* _INFORMATION SUPPLIED_:
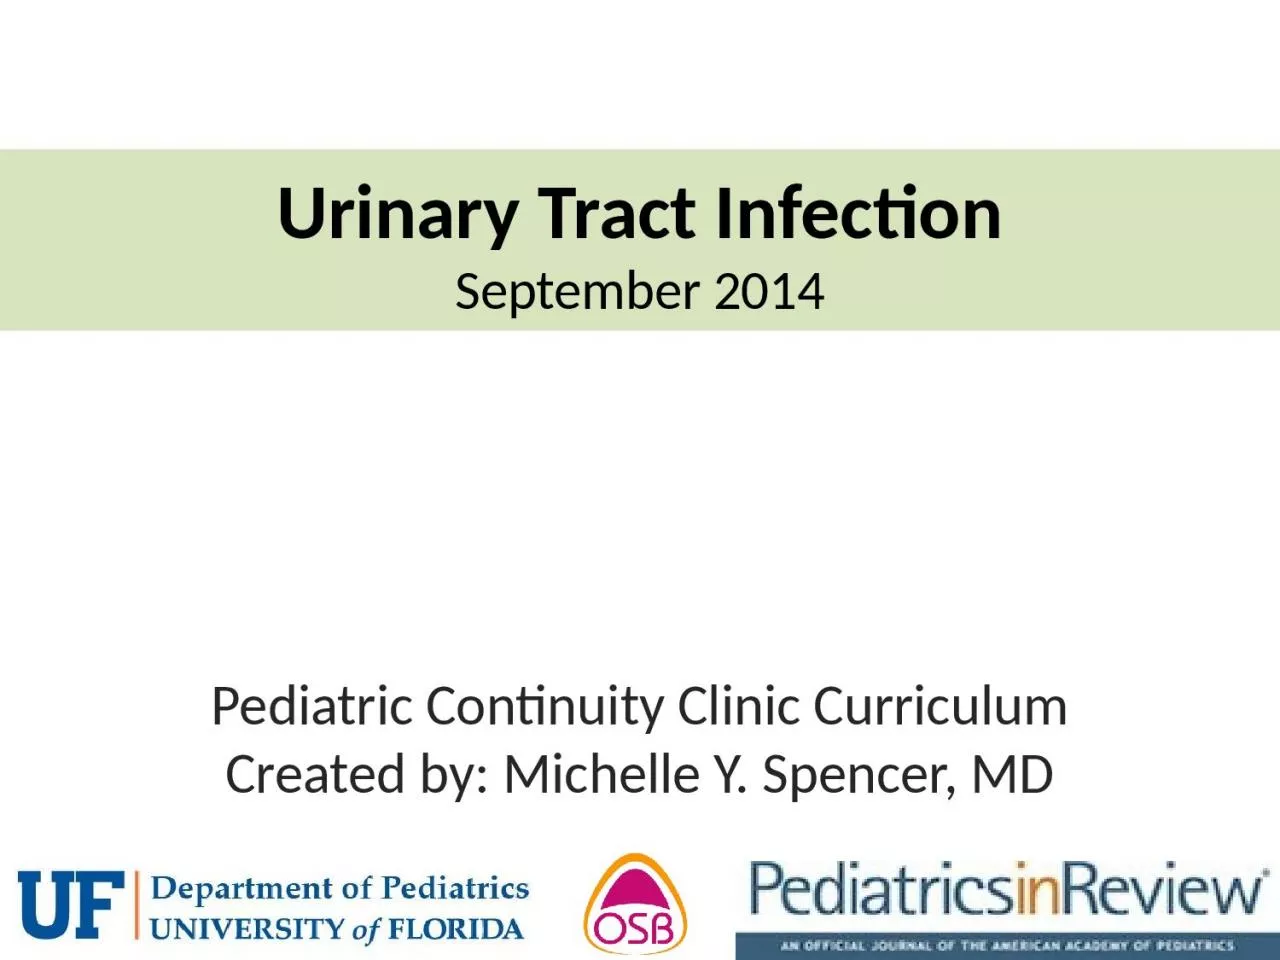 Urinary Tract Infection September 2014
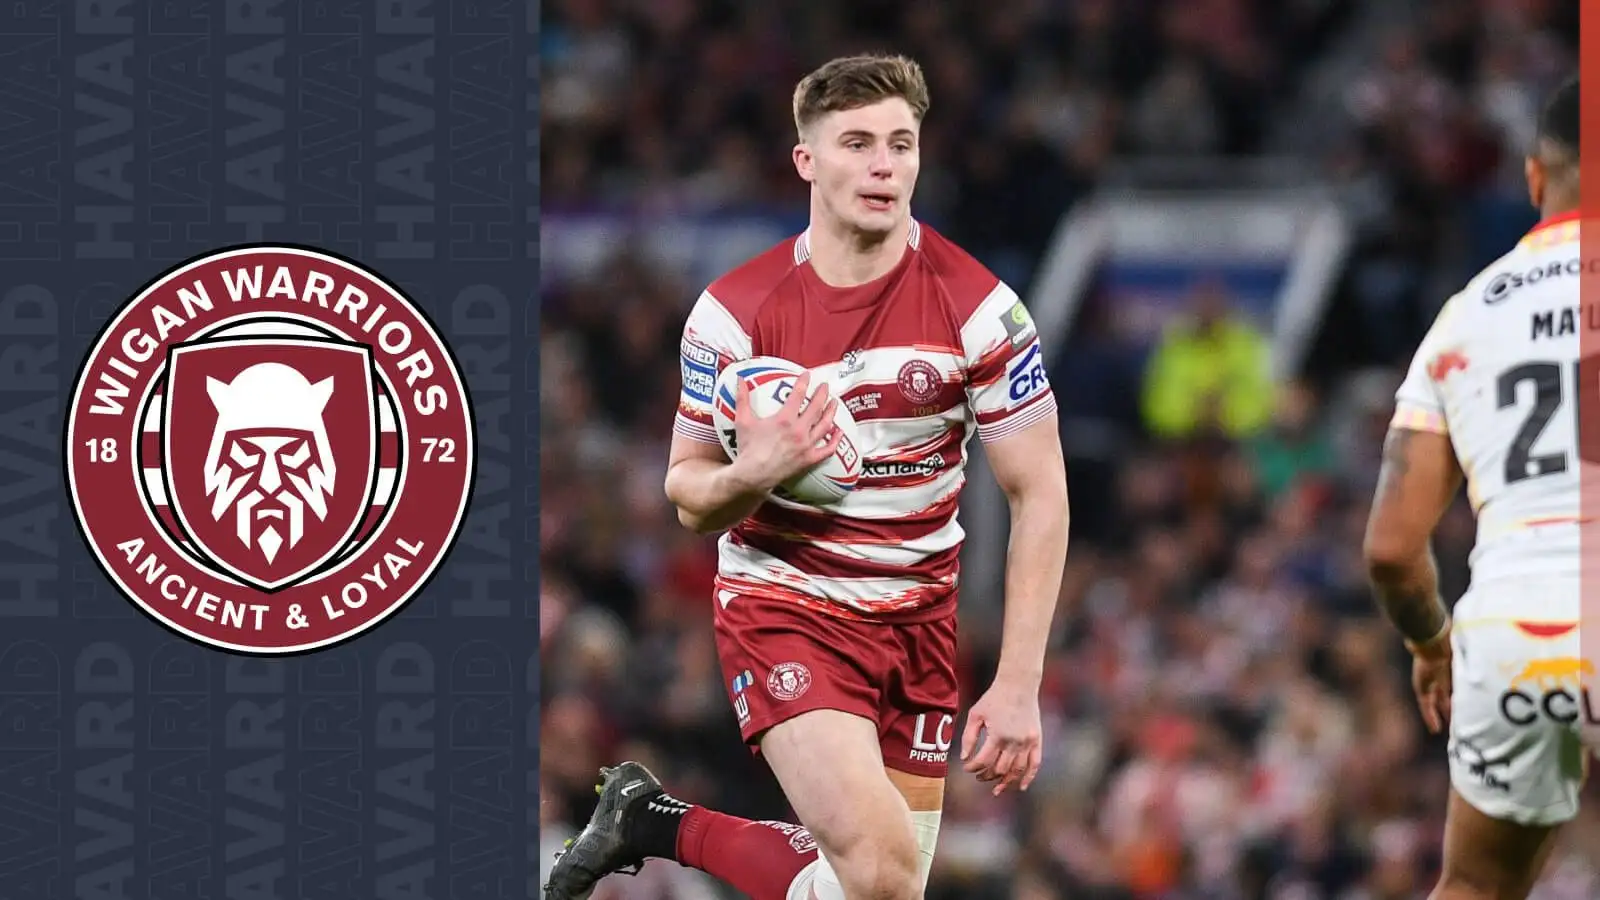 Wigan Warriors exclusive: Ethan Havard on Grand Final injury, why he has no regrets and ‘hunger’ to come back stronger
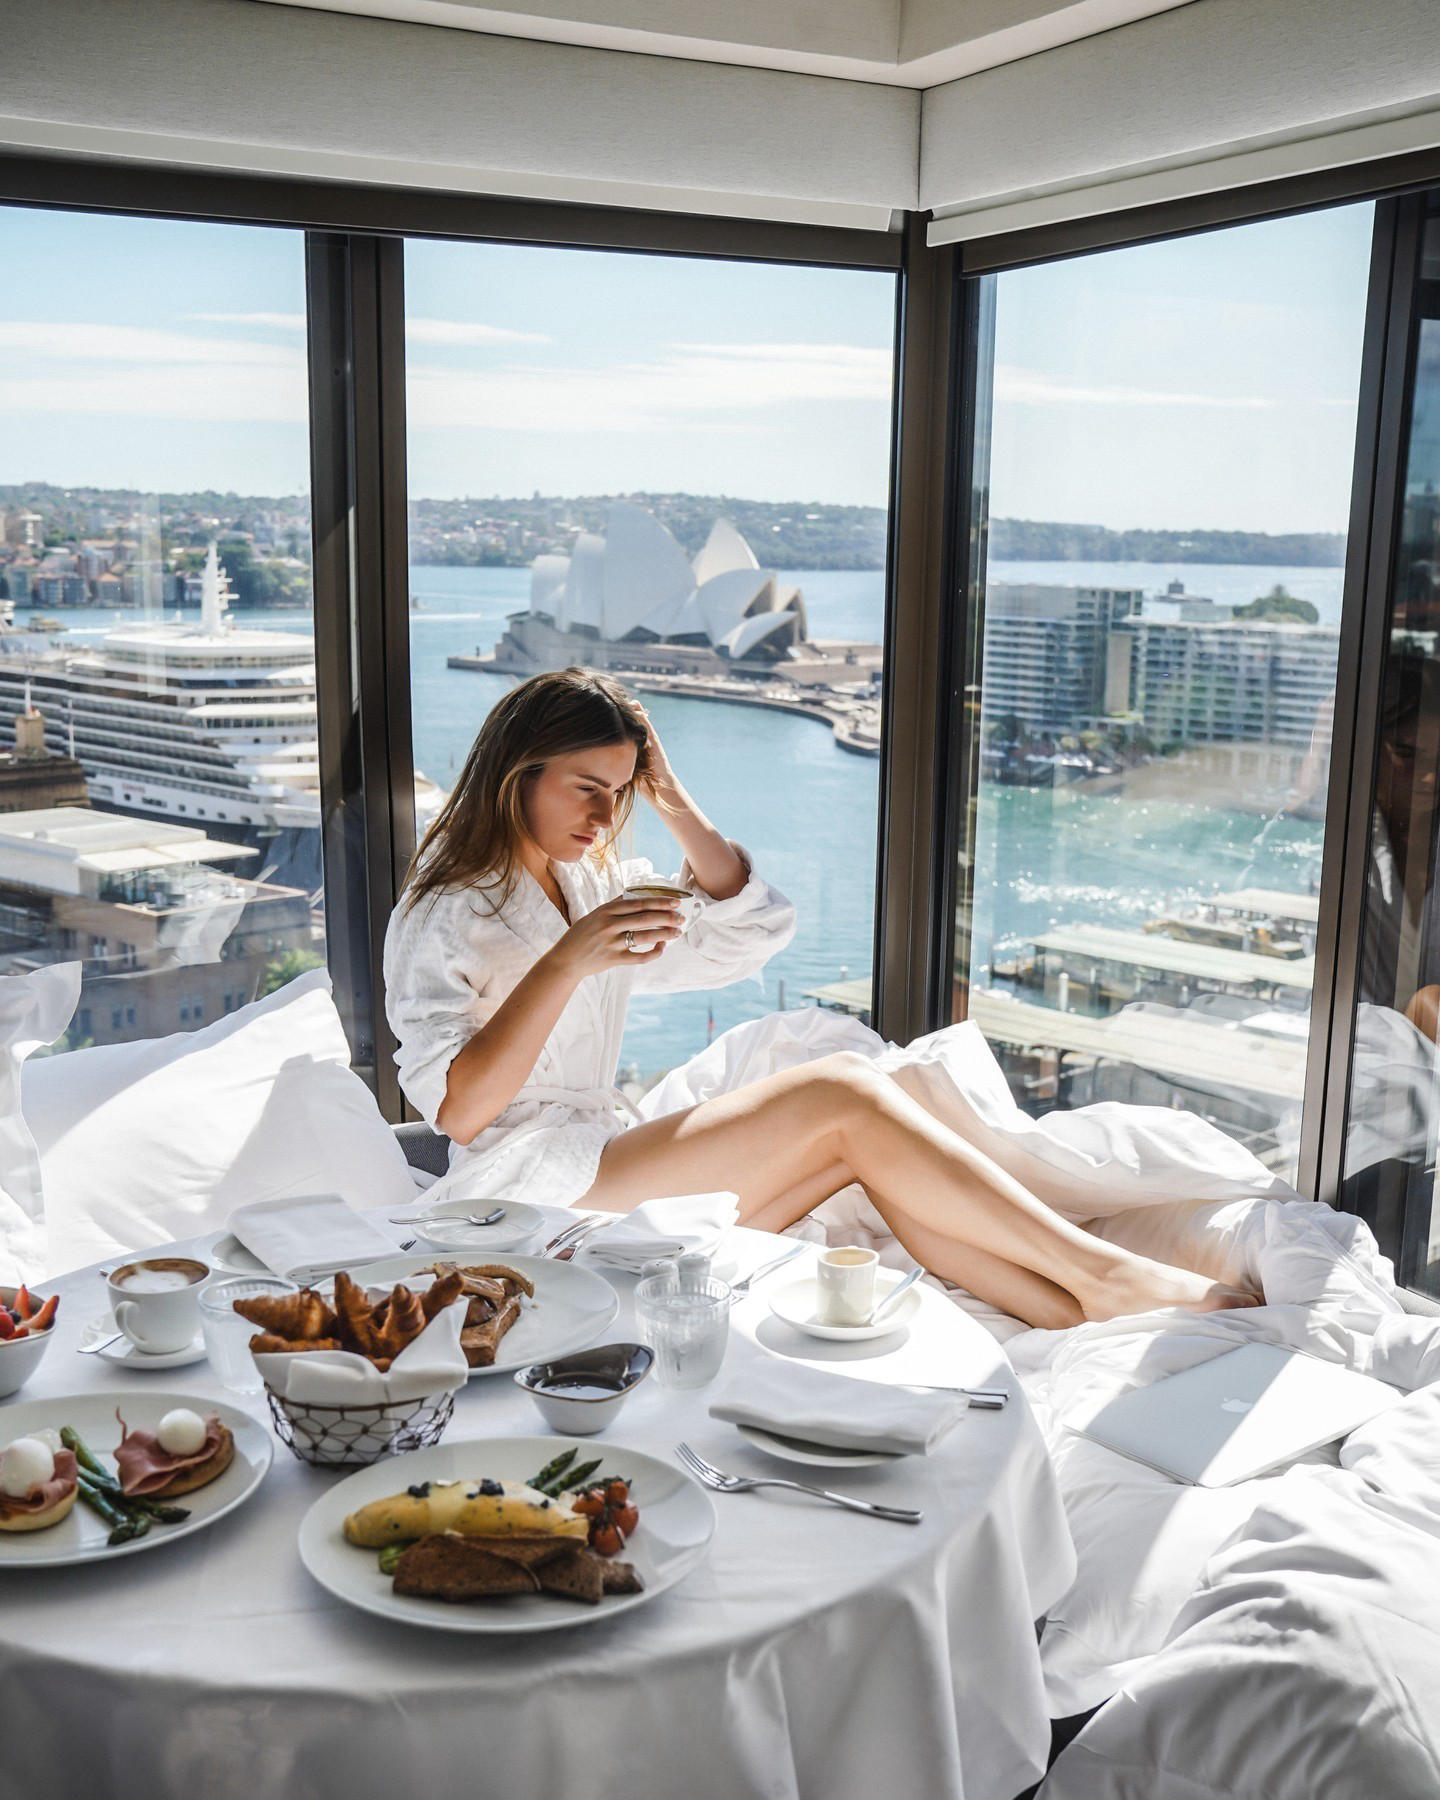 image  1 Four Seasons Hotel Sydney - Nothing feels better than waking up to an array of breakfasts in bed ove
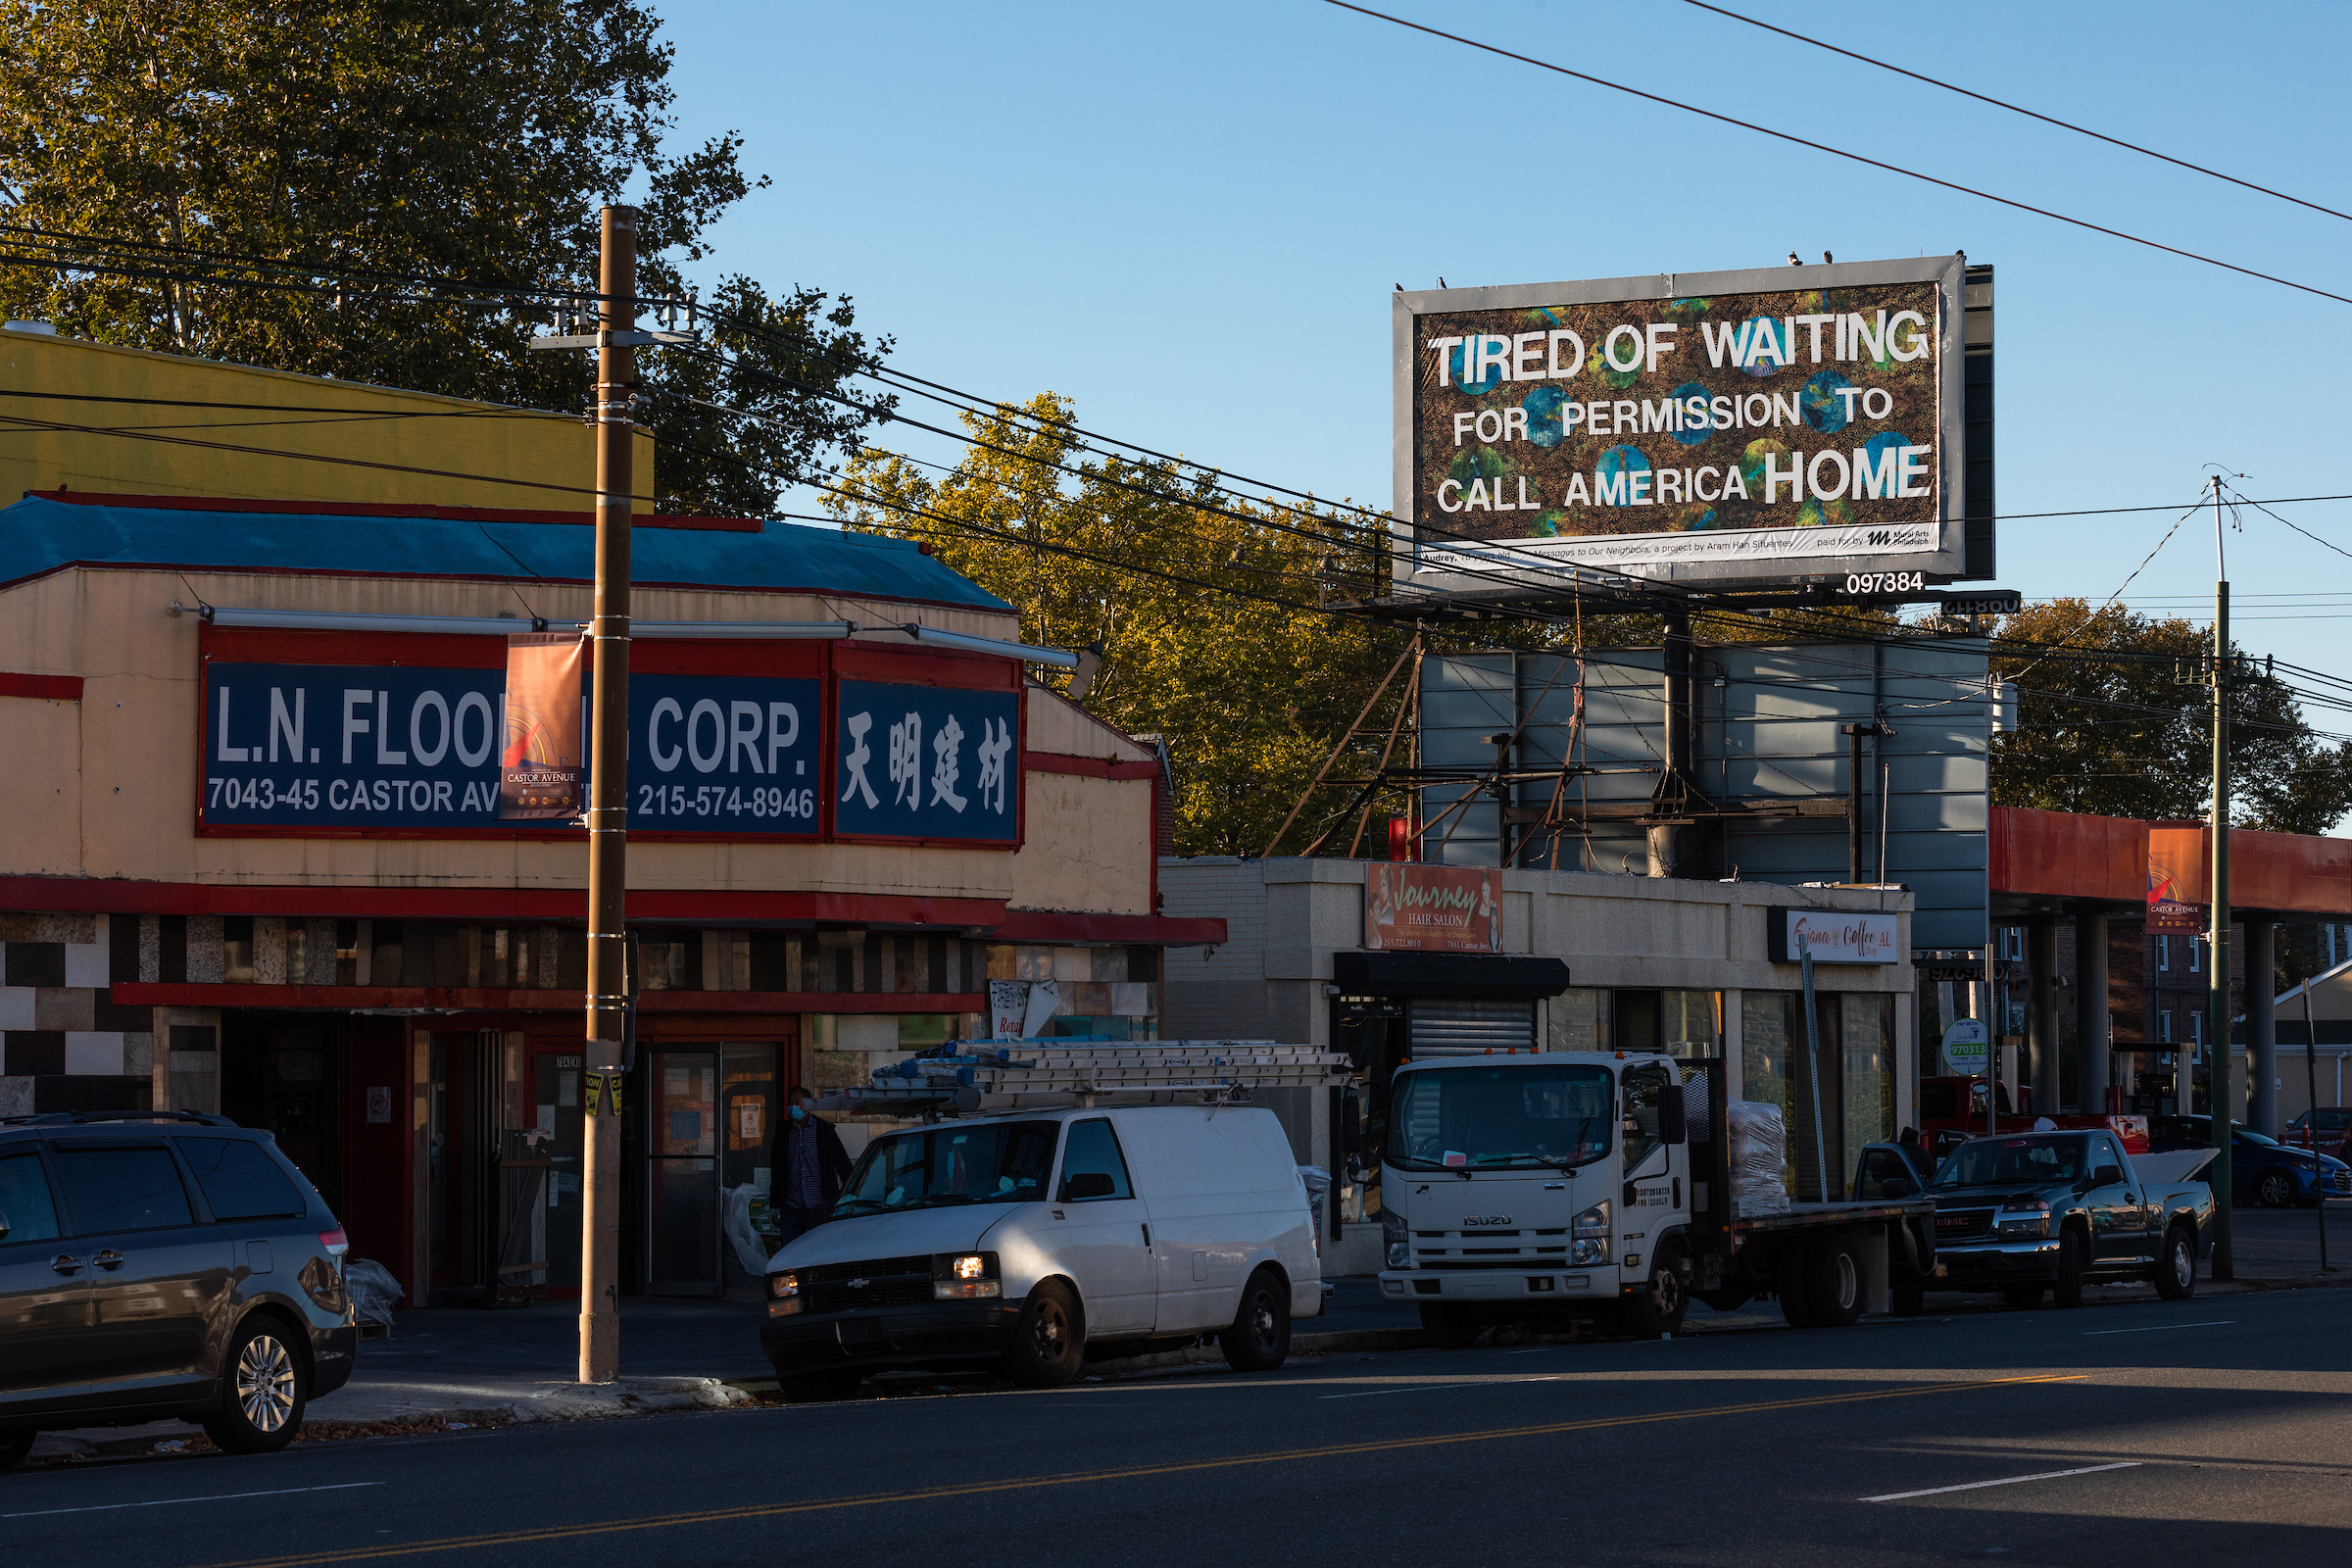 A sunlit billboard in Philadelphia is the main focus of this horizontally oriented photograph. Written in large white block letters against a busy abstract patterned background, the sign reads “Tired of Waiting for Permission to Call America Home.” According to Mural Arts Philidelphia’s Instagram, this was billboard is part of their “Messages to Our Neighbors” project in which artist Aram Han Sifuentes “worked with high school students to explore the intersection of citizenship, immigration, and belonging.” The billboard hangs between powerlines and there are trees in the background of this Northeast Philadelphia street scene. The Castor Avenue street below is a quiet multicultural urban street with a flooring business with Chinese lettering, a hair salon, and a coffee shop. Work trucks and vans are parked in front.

* _AIM OF THE TASK_:
Everything from the line containing "Wigan Warriors exclusive: Ethan" to the final line of the listing above, both ends included, should be transcribed word for word, except for the pictures.

* _FINAL ANSWER_:
 Wigan Warriors exclusive: Ethan Havard on Grand Final injury, why he has no regrets and ‘hunger’ to come back stronger
 image  1 Four Seasons Hotel Sydney - Nothing feels better than waking up to an array of breakfasts in bed ove
 A sunlit billboard in Philadelphia is the main focus of this horizontally oriented photograph. Written in large white block letters against a busy abstract patterned background, the sign reads “Tired of Waiting for Permission to Call America Home.” According to Mural Arts Philidelphia’s Instagram, this was billboard is part of their “Messages to Our Neighbors” project in which artist Aram Han Sifuentes “worked with high school students to explore the intersection of citizenship, immigration, and belonging.” The billboard hangs between powerlines and there are trees in the background of this Northeast Philadelphia street scene. The Castor Avenue street below is a quiet multicultural urban street with a flooring business with Chinese lettering, a hair salon, and a coffee shop. Work trucks and vans are parked in front.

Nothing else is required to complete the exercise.